- Work to be completed: Transcribe the whole listing exactly; the images stay out.

- Given material:
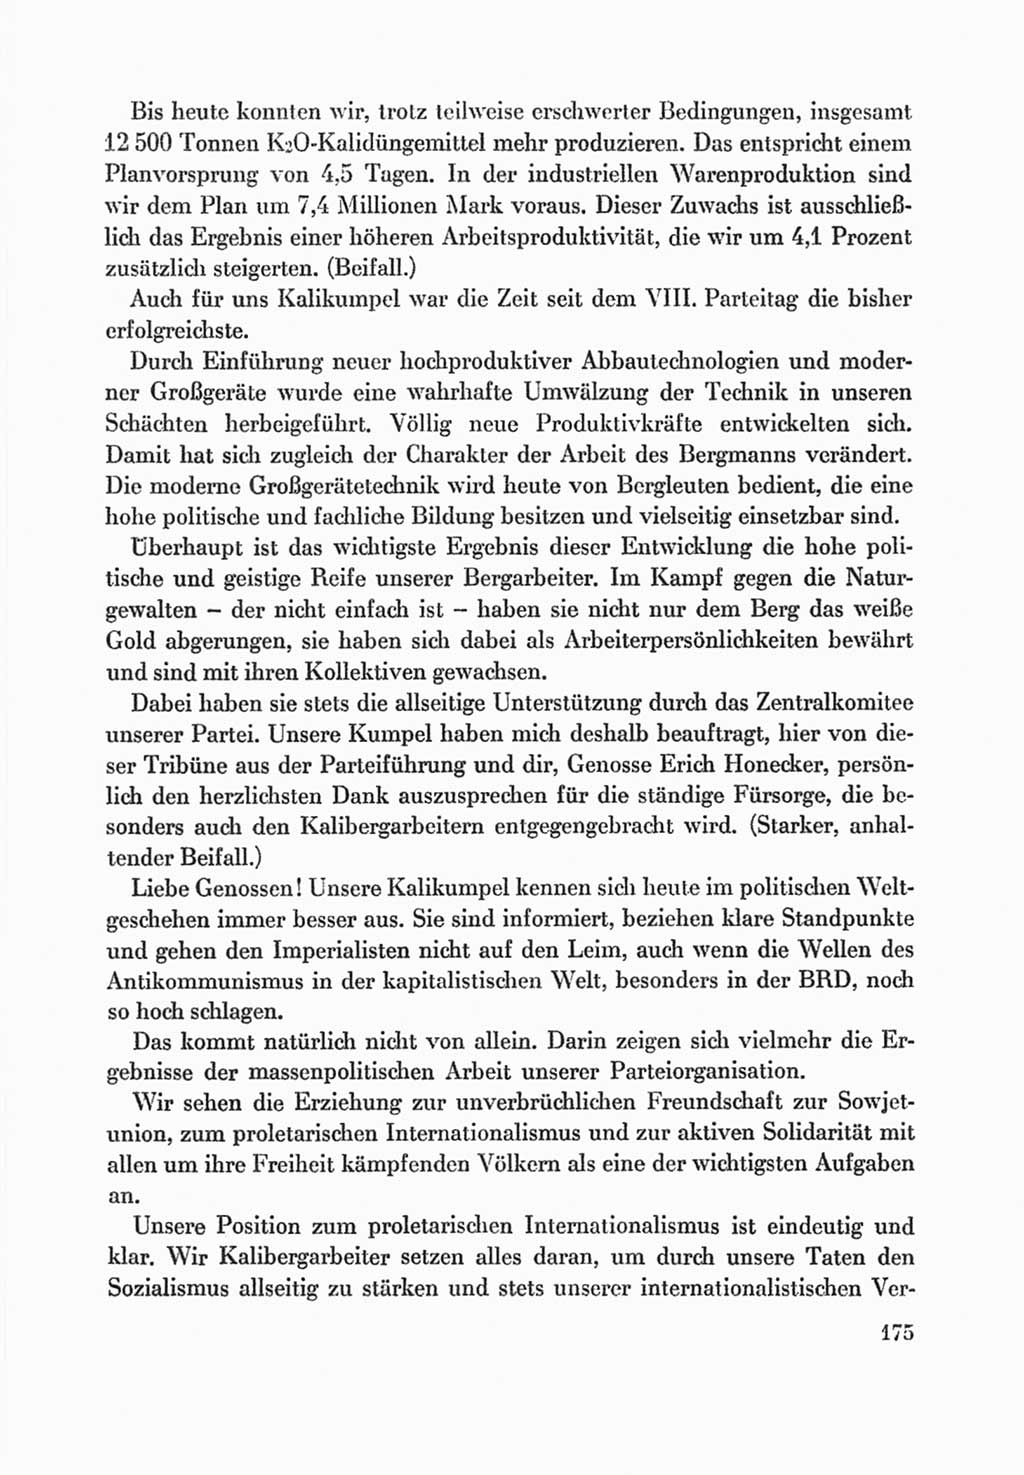 Protokoll der Verhandlungen des Ⅸ. Parteitages der Sozialistischen Einheitspartei Deutschlands (SED) [Deutsche Demokratische Republik (DDR)] 1976, Band 1, Seite 175 (Prot. Verh. Ⅸ. PT SED DDR 1976, Bd. 1, S. 175)
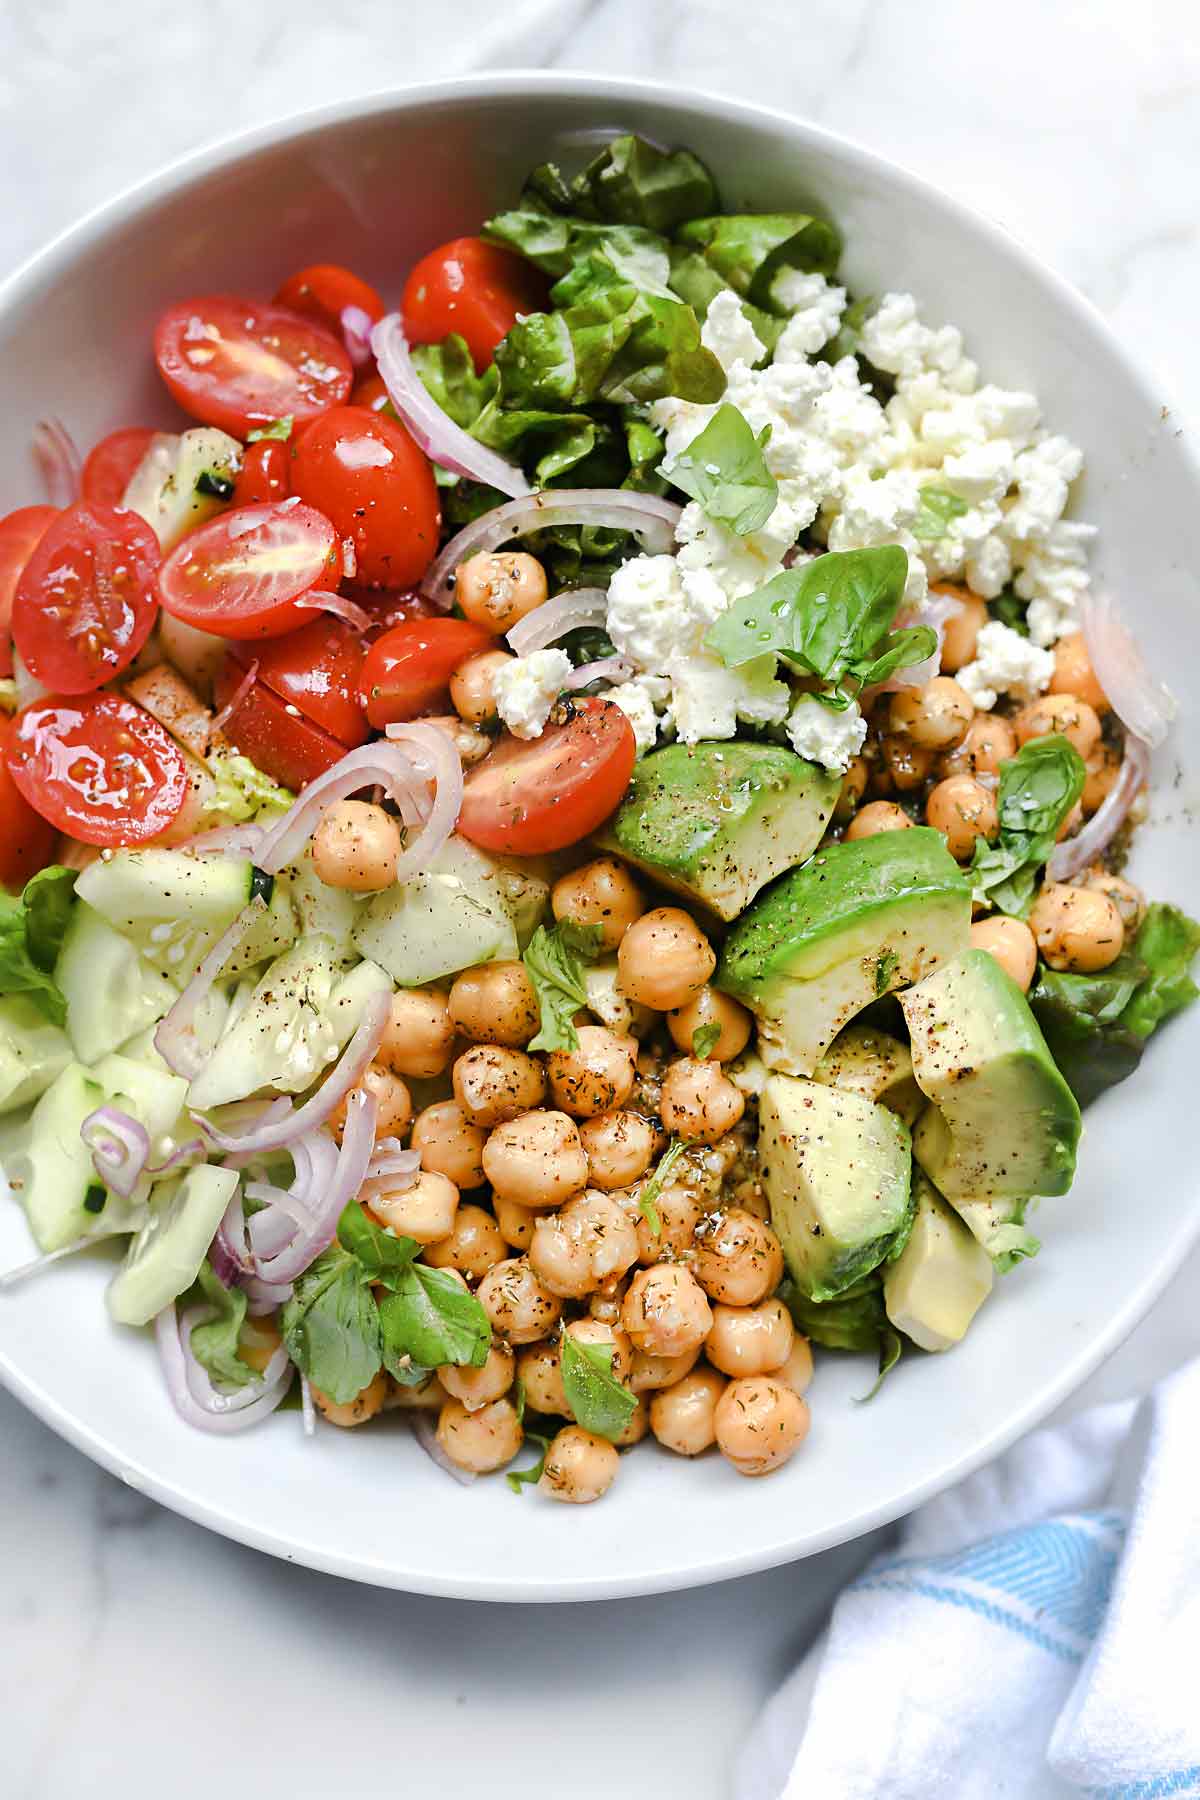 Salade verte croquante aux pois chiches et à l'avocat | foodiecrush.com #salade #avocat #recettes #lunch #pois chiches
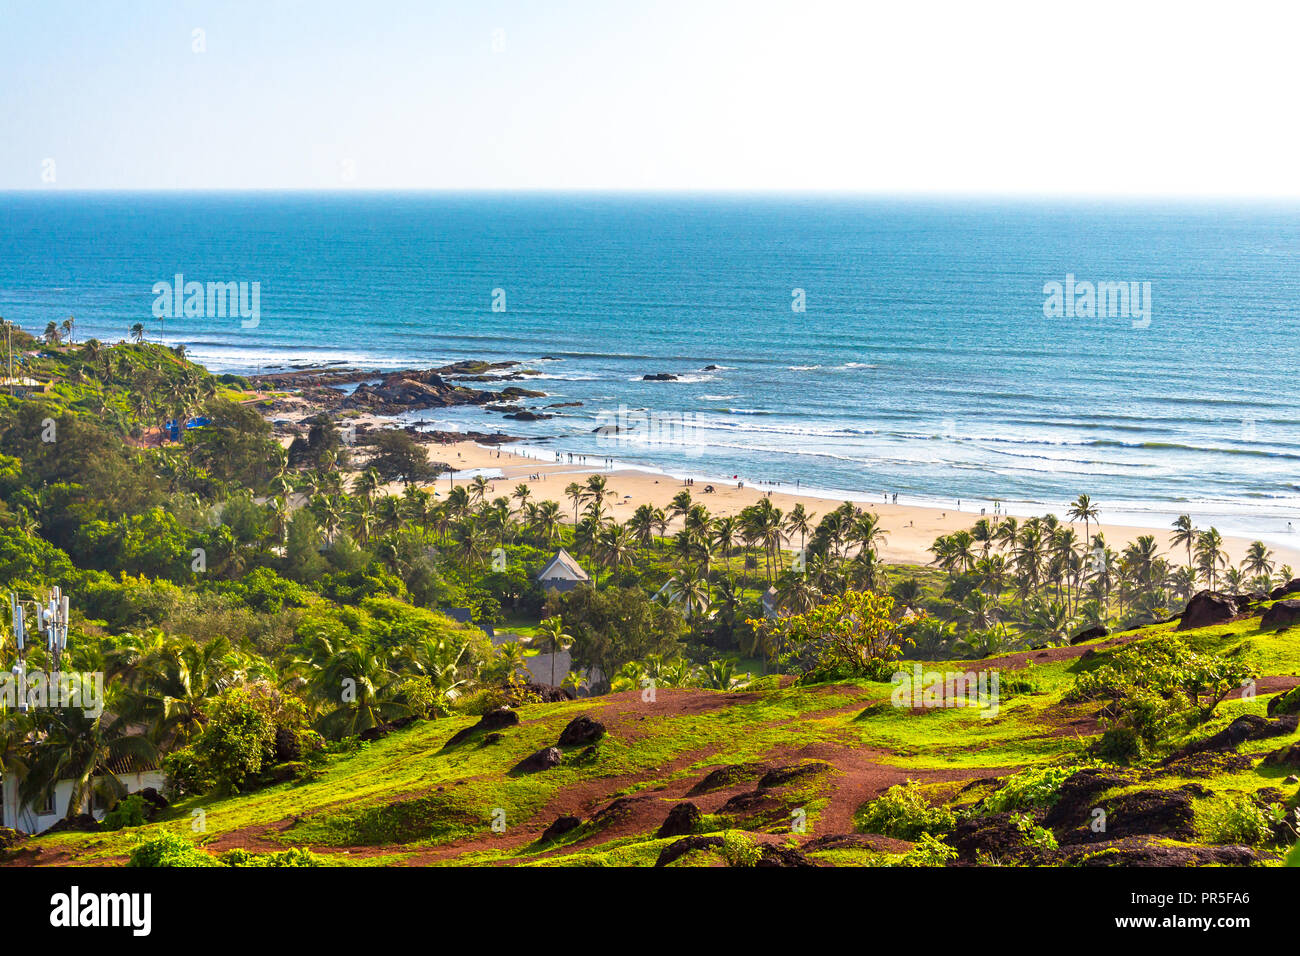 Green vedute della spiaggia di Vagator dalla sommità del Chapora Fort, Goa, India, Asia. Vagator Beach è una delle più belle spiagge di Goa nord. Foto Stock

- Answer below:
 Protokoll der Verhandlungen des Ⅸ. Parteitages der Sozialistischen Einheitspartei Deutschlands (SED) [Deutsche Demokratische Republik (DDR)] 1976, Band 1, Seite 175 (Prot. Verh. Ⅸ. PT SED DDR 1976, Bd. 1, S. 175)
 Salade verte croquante aux pois chiches et à l'avocat | foodiecrush.com #salade #avocat #recettes #lunch #pois chiches
 Green vedute della spiaggia di Vagator dalla sommità del Chapora Fort, Goa, India, Asia. Vagator Beach è una delle più belle spiagge di Goa nord. Foto Stock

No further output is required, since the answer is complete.